American composer (1927–1995)

Salvatore Giovanni Martirano (January 12, 1927 – November 17, 1995) was an American composer of contemporary classical music. Born in Yonkers, New York, he taught for many years at the University of Illinois. He also worked in electronic music and invented electronic musical instruments.

==Professional background==
Born in Yonkers, New York, Martirano received his undergraduate degree in 1951 from Oberlin College, where he studied composition with Herbert Elwell. A year later he completed his master's degree in composition at the Eastman School of Music, where he studied with Bernard Rogers. He then pursued further studies in Florence, Italy with Luigi Dallapiccola from 1952 through 1954.

Martirano worked in Italy from 1956 to 1959, when he was a resident fellow at the American Academy.

Between 1959 and 1964, Martirano received commissions, awards, and fellowships from the Guggenheim, Ford, Koussevitzky, and Fromm Foundations, as well as from the American Academy of Arts and Letters and Brandeis University.

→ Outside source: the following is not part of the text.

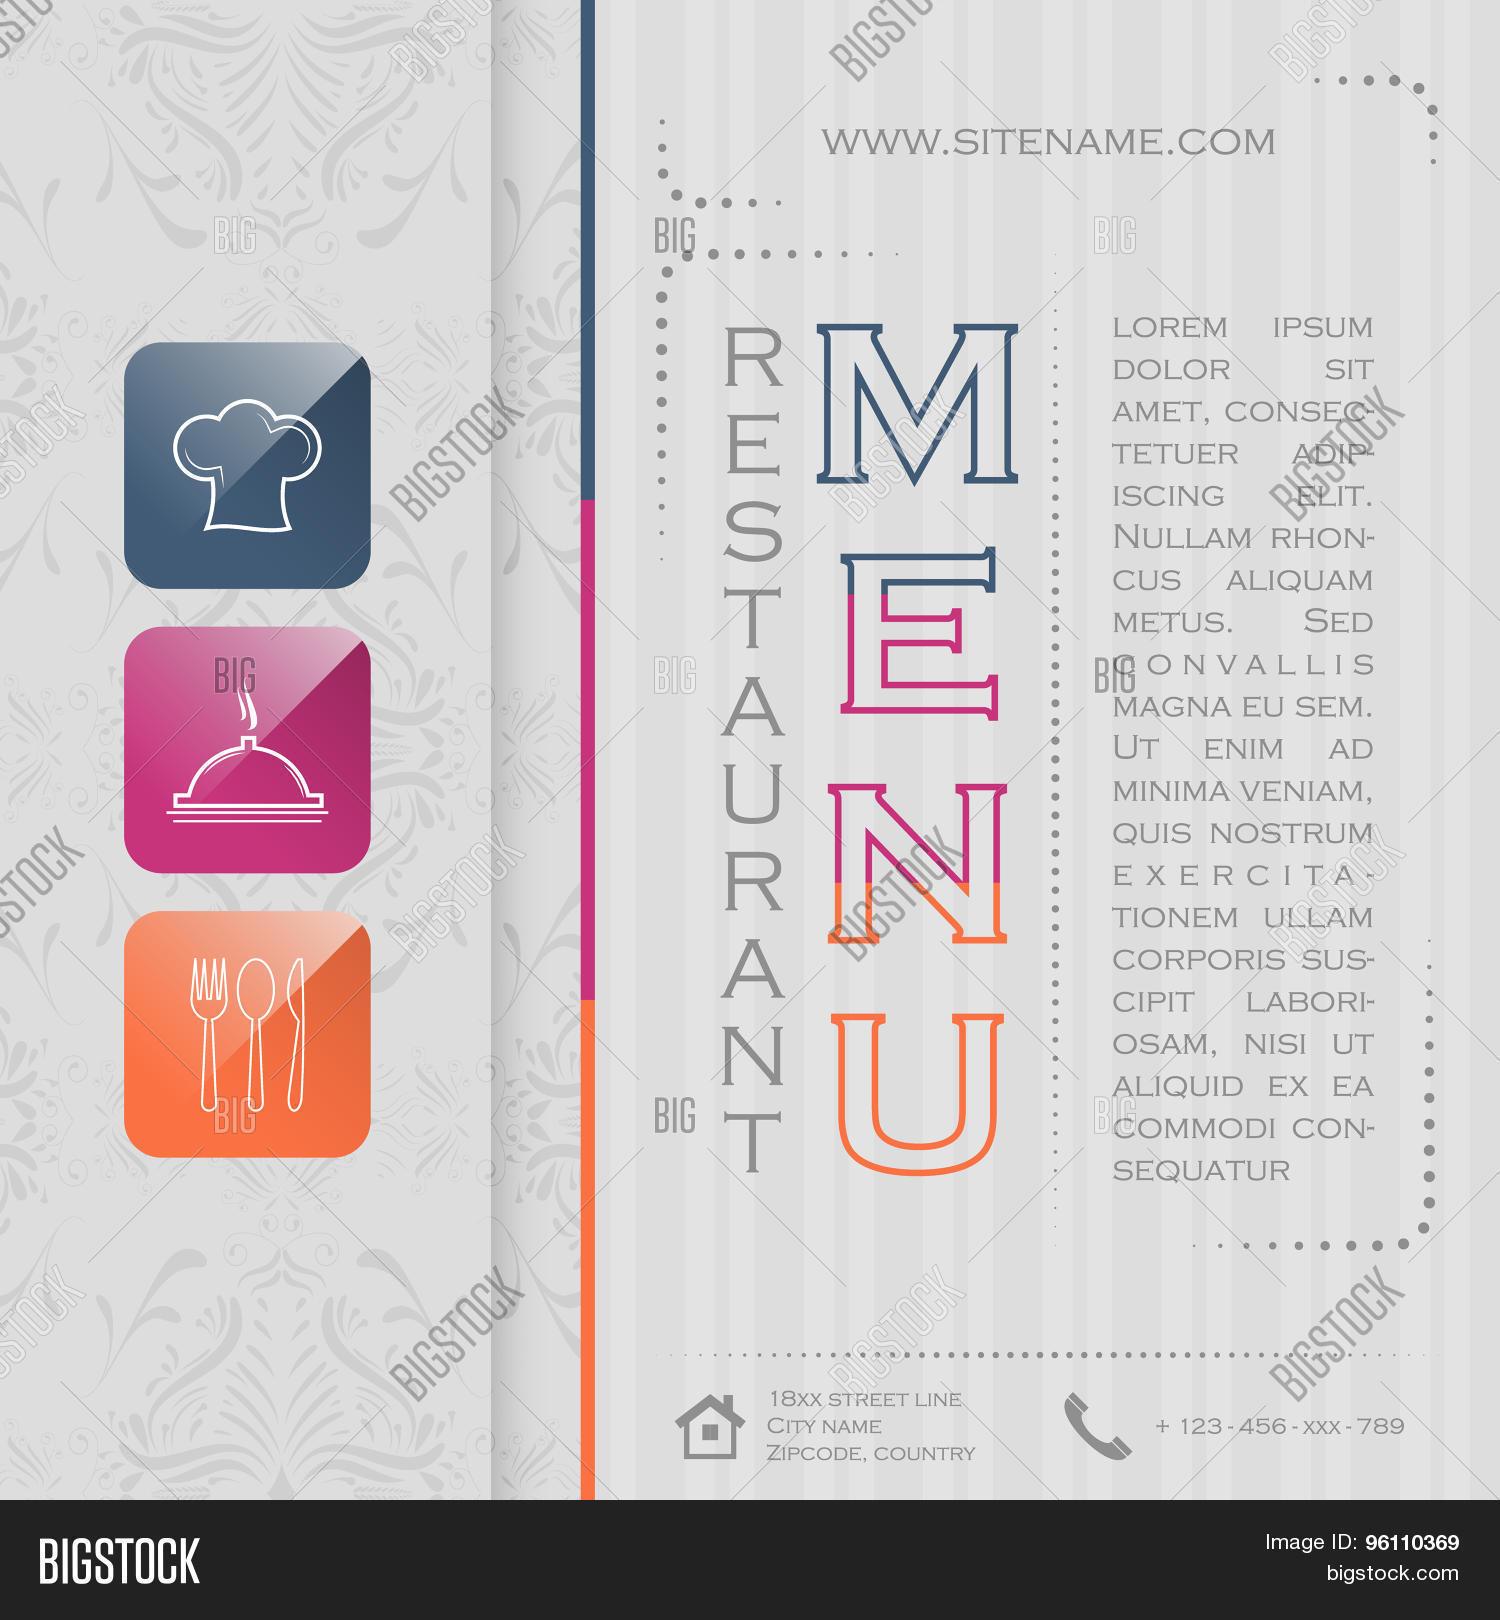 Elegant Restaurant Vector Photo Free Trial Bigstock

In 1963, Martirano joined the Theory and Composition Department at the University of Illinois in Urbana. He served on the faculty until his retirement and death in 1995. Martirano was the second person to live in the 1955 "Garvey House" in Urbana after Garvey, for whom it was designed by notable architect Bruce Goff.

===Music===
Many of Martirano's early works incorporate twelve-tone compositional techniques and jazz, vernacular, and multimedia idioms. His best-known composition, "L's GA" (Lincoln's Gettysburg Address), was widely performed in the late 1960s and early 1970s. It became associated with the anti-Vietnam War movement.

==SAL-MAR Construction==
In 1969, Salvatore Martirano, along with a group of engineers and musicians at the University of Illinois, began work on the design and construction of a musical electronic instrument. The instrument, named the SAL-MAR Construction, is a hybrid system in which TTL logical circuits (small and medium scale integration) drive analog modules, such as voltage-controlled oscillators, amplifiers and filters. The performer sits at a horizontal control panel of 291 lightable touch-sensitive switches (no moving parts). The two-state switches are used by a performer to dial sequences of numbers that are characterized by a variety of intervals and lengths. A sequence may bypass, address, or be added to other sequences forming an interlocked tree of control and data according to a performer's choice. The unique characteristic of the switch is that it can be driven manually and logically, allowing human/machine interaction. The most innovative feature of the human/machine interface is that it allows the user to switch from control of macro to micro parameters of the information output. This is analogous to a zoom lens on a camera.

==Legacy and honors==
- In the year following Martiano's death, a music composition award was established in his name, the Salvatore Martirano Memorial Composition Award, and has been given annually since 1996.